Example to Understand LINQ Distinct Method on Value Type Using C#
Here, we have an integer collection that contains duplicate integer values. We are required to remove the duplicate values and return only the distinct ones, as shown below.
The following example shows how to get the distinct integer values from the data source using both Method and Mixed syntax using the LINQ Distinct Extension Method.
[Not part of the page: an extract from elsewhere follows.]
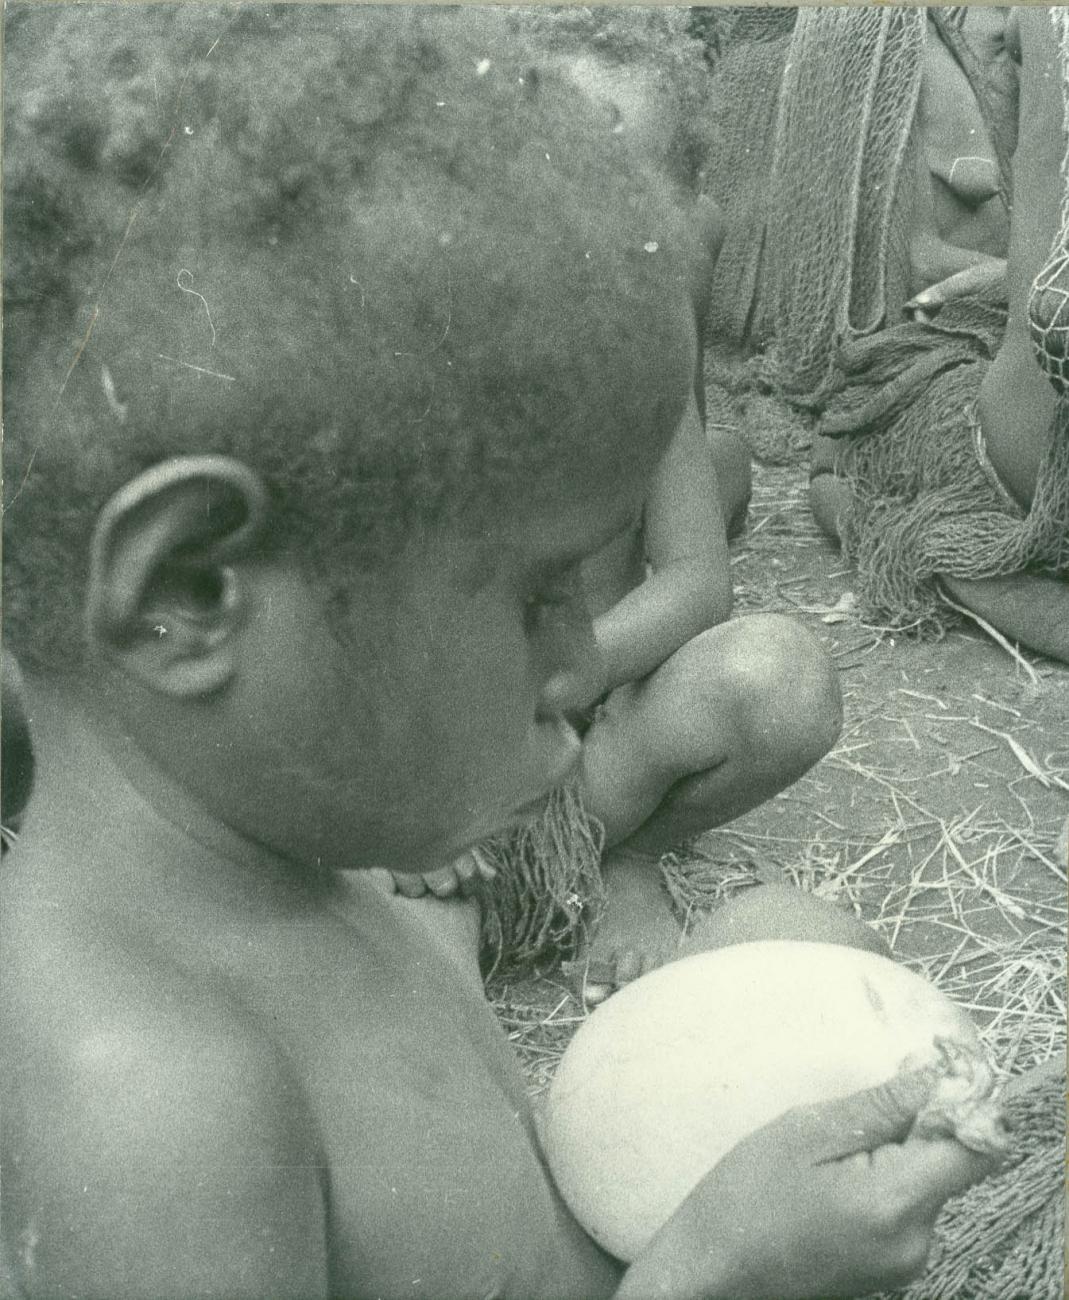 BD/40/74 - 
Child with cassowary egg

No such operator called distinct is available in Query Syntax, so we need to use both Query and Method syntax to achieve the same.
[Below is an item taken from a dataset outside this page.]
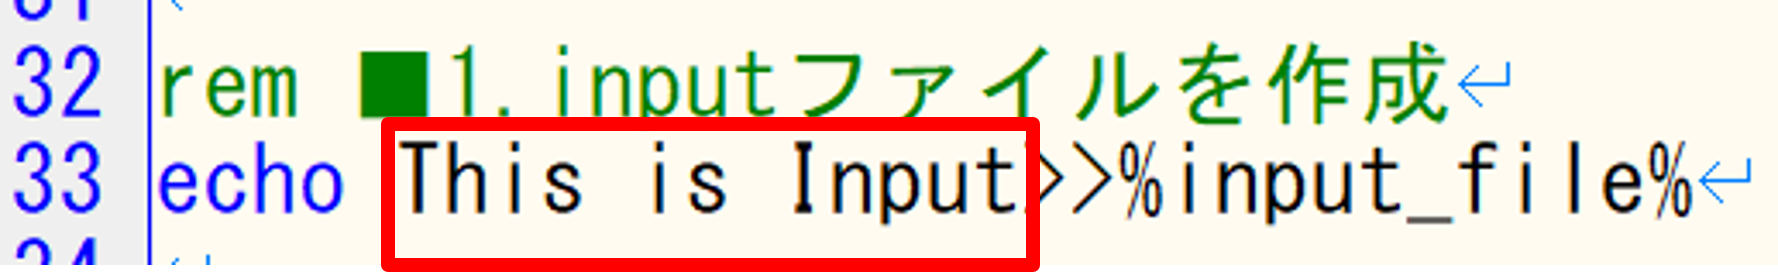 inputファイル.png

using System; using System.Collections.Generic; using System.Linq; namespace LINQDemo { class Program { static void Main(string[] args) { List<int> intCollection = new List<int>() { 1,2,3,2,3,4,4,5,6,3,4,5 }; //Using Method Syntax var MS = intCollection.Distinct(); //Using Query Syntax var QS = (from num in intCollection select num).Distinct(); foreach (var item in MS) { Console.WriteLine(item); } Console.ReadKey(); } } }
Output:
How LINQ Distinct Method Works in C#?
When we call the Distinct Method on a collection, it internally uses a set data structure to keep track of elements that have already been encountered. It iterates over the elements of the collection, and for each element, it checks whether the set already contains an element equal to it.
To determine if an element is a duplicate, Distinct relies on the default equality comparer for the type of elements in the collection. This usually means using the Equals and GetHashCode methods of the elements.
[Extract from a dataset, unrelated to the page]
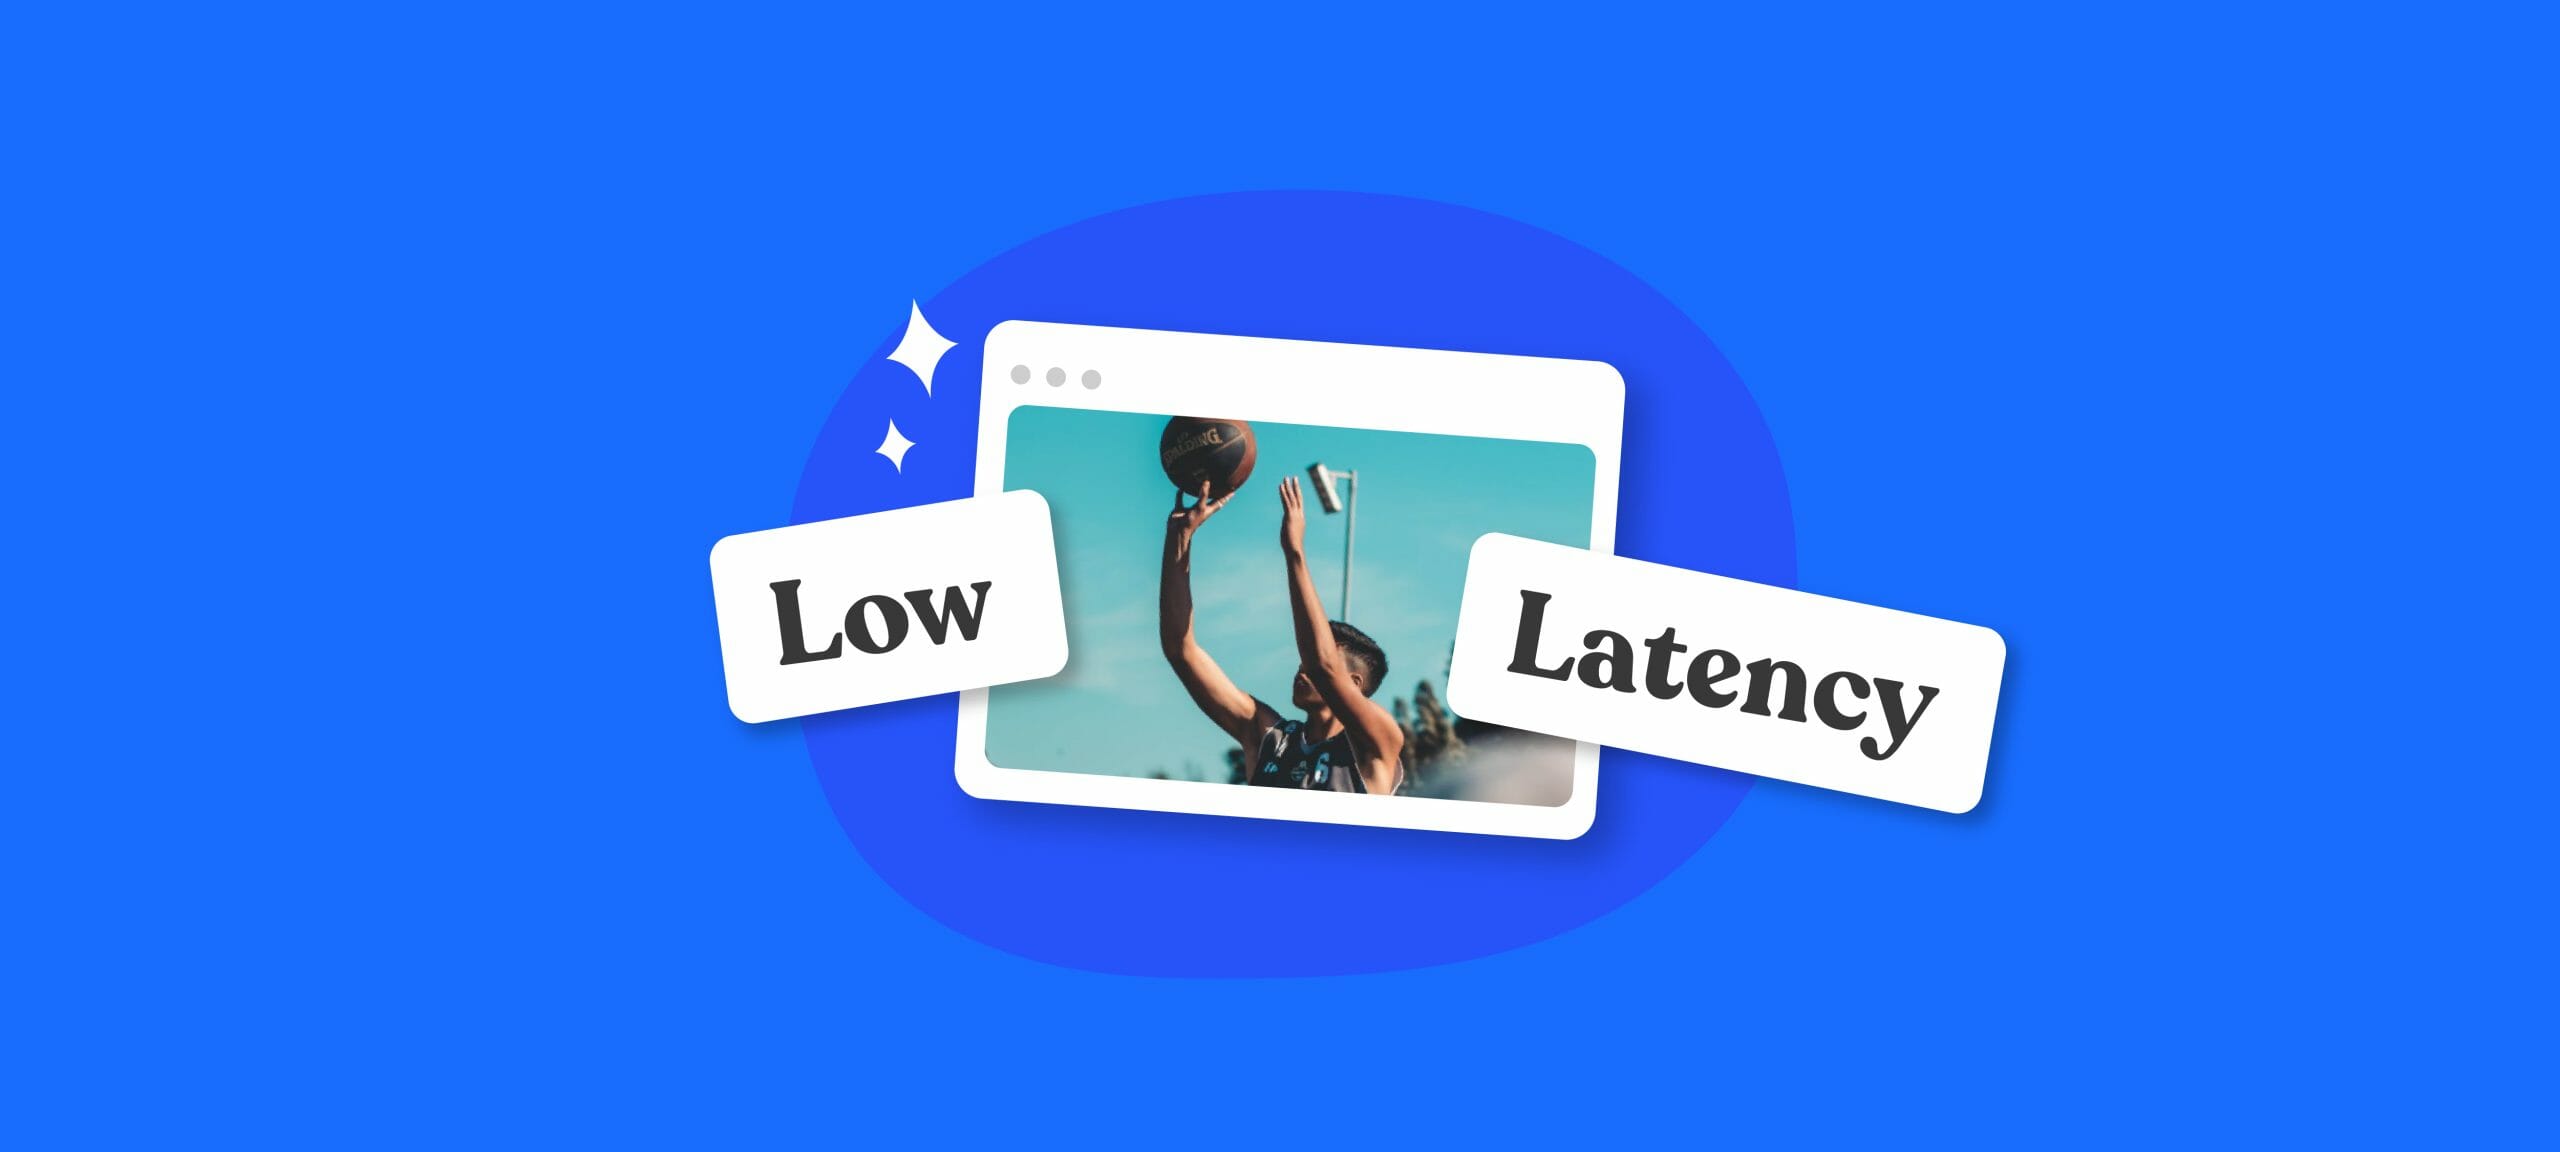 Low Latency Video Streaming: Stream without Delay Using Castr

Performance Considerations:
The performance of the Distinct method depends on the efficiency of the equality comparison. Since it uses a set for storing unique elements, the complexity is generally O(n) for n elements in the collection, assuming a good distribution of hash codes for the elements.
Example to Understand LINQ Distinct Method with String Values:
Let us see how we can use the LINQ Distinct Method with string values. In the below example, we have a string array of names, and we need to return the distinct names from that array collection. To do so, we are using the LINQ Distinct Method.
using System; using System.Linq; namespace LINQDemo { class Program { static void Main(string[] args) { string[] namesArray = { "Priyanka", "HINA", "hina", "Anurag", "Anurag", "ABC", "abc" }; var distinctNames = namesArray.Distinct(); foreach (var name in distinctNames) { Console.WriteLine(name); } Console.ReadKey(); } } }
When we execute the above program, it gives us the below output.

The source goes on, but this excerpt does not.